Anuga constricta

Scientific classification
- Kingdom: Animalia
- Phylum: Arthropoda
- Class: Insecta
- Order: Lepidoptera
- Superfamily: Noctuoidea
- Family: Euteliidae
- Genus: Anuga
- Species: A. constricta
- Binomial name: Anuga constricta (Guenée, 1852)
- Synonyms: Caecila complexa Walker, 1858; Spersara glaucopoides Walker, [1863] 1864; Cremnodes macrocera Snellen, 1880;

= Anuga constricta =

- Authority: (Guenée, 1852)
- Synonyms: Caecila complexa Walker, 1858, Spersara glaucopoides Walker, [1863] 1864, Cremnodes macrocera Snellen, 1880

Species of moth

Anuga constricta is a moth of the family Noctuidae first described by Achille Guenée in 1852. It is found in Oriental tropics of India, Sri Lanka, to Sundaland, Philippines, and Sulawesi.

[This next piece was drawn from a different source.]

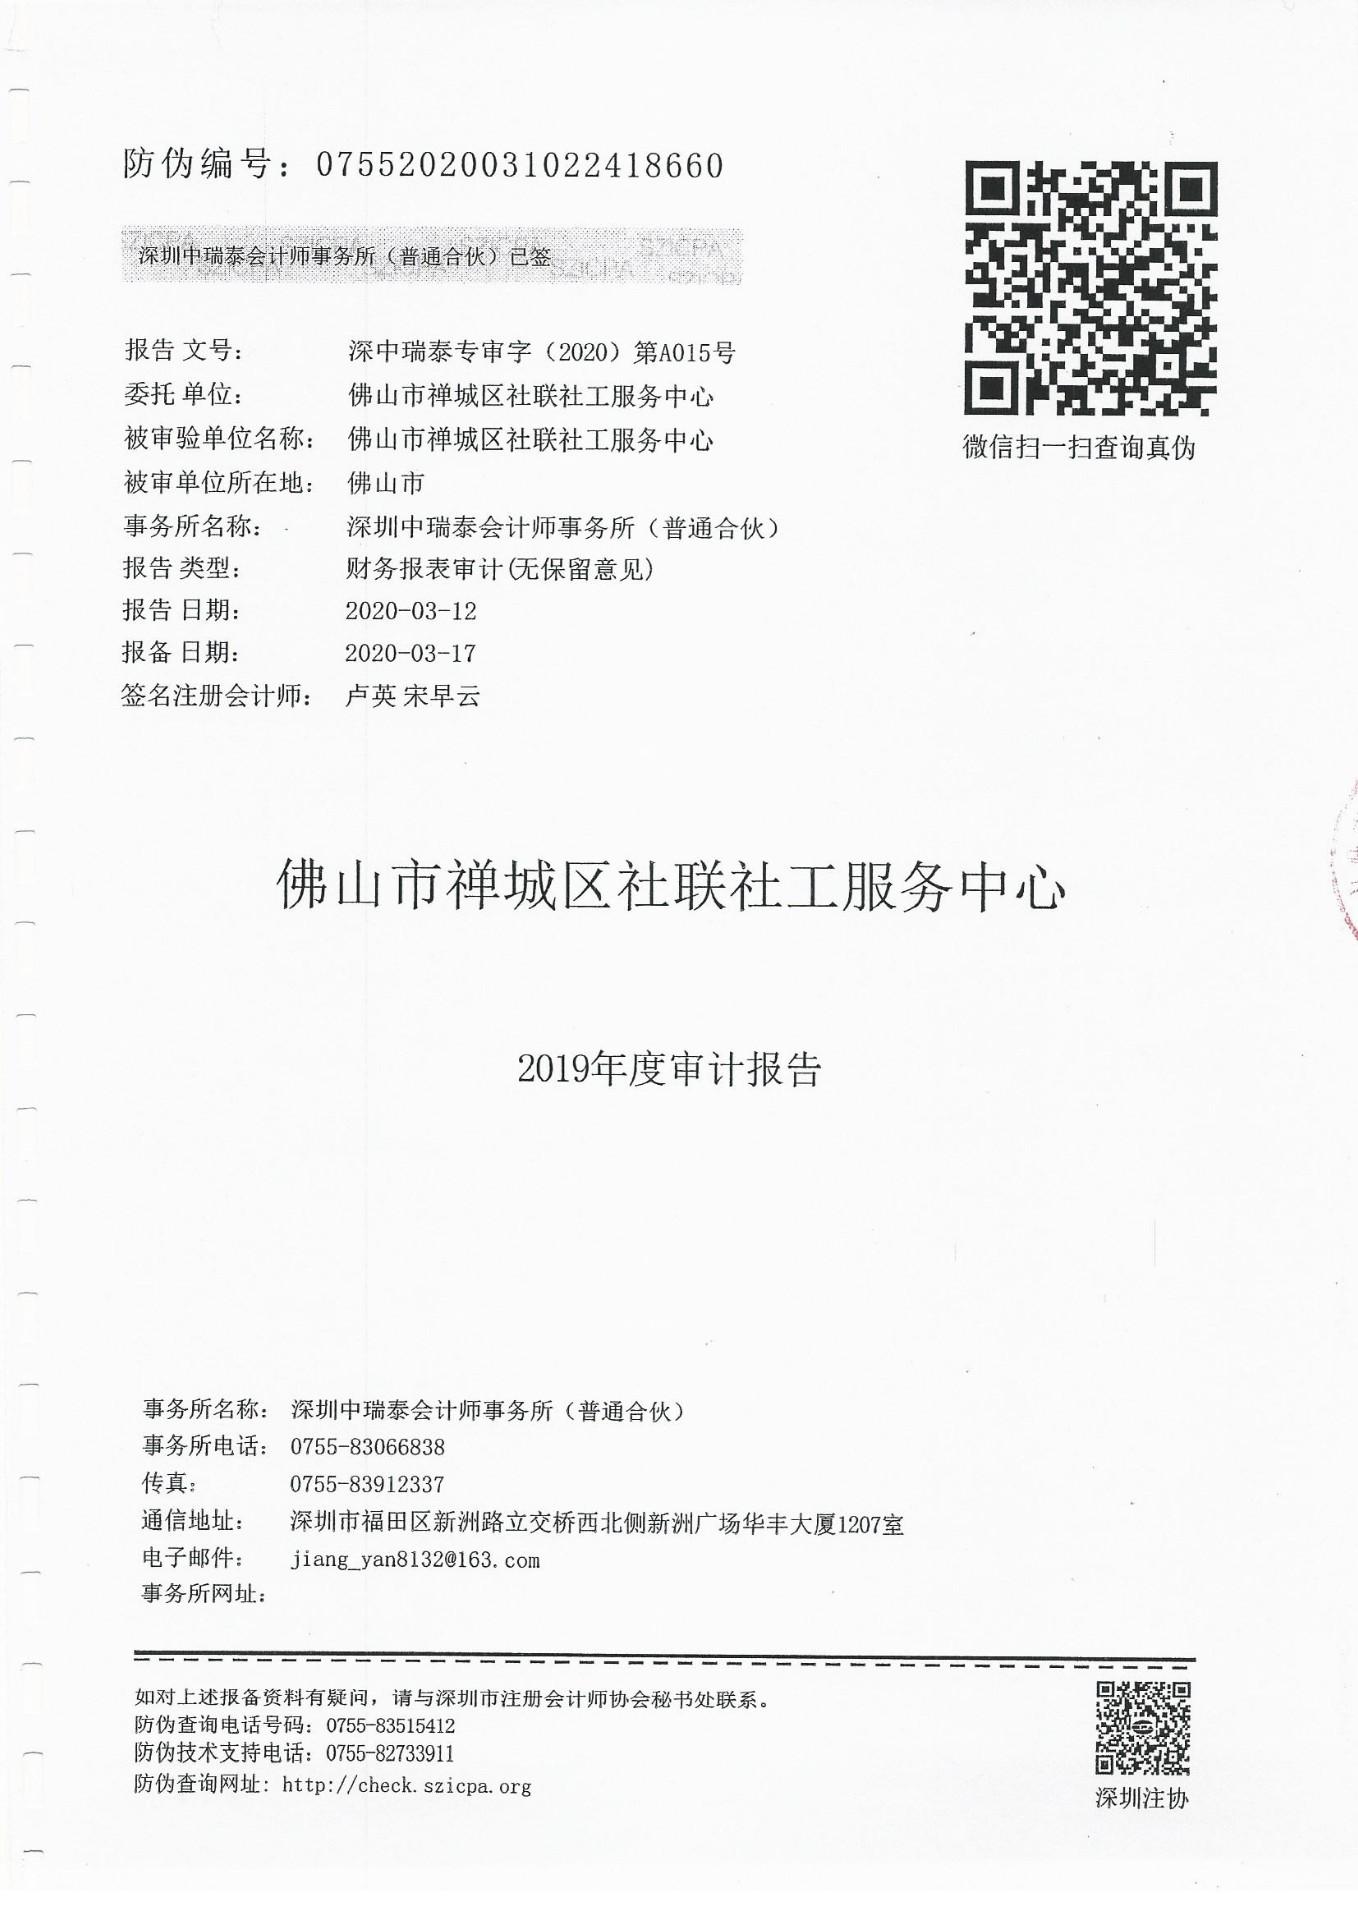 2019年度财务审计报告

Its forewings are narrow and dark gray in color. Lighter gray areas can found around its stigma. It has two subtornal rows of white spots on its hindwings. Caterpillar pale green to dirty olive green with a narrow, dorsal gray band laterally expands into triangles in some segments. Setae arise from purple spots. Caterpillar typically found on the upperside of old leaves closer to midrib and petiole with camouflage. Pupation occurs in a cocoon woven by silk in the soil. Larval host plants are Mangifera indica, Semecarpus, and Anisoptera species.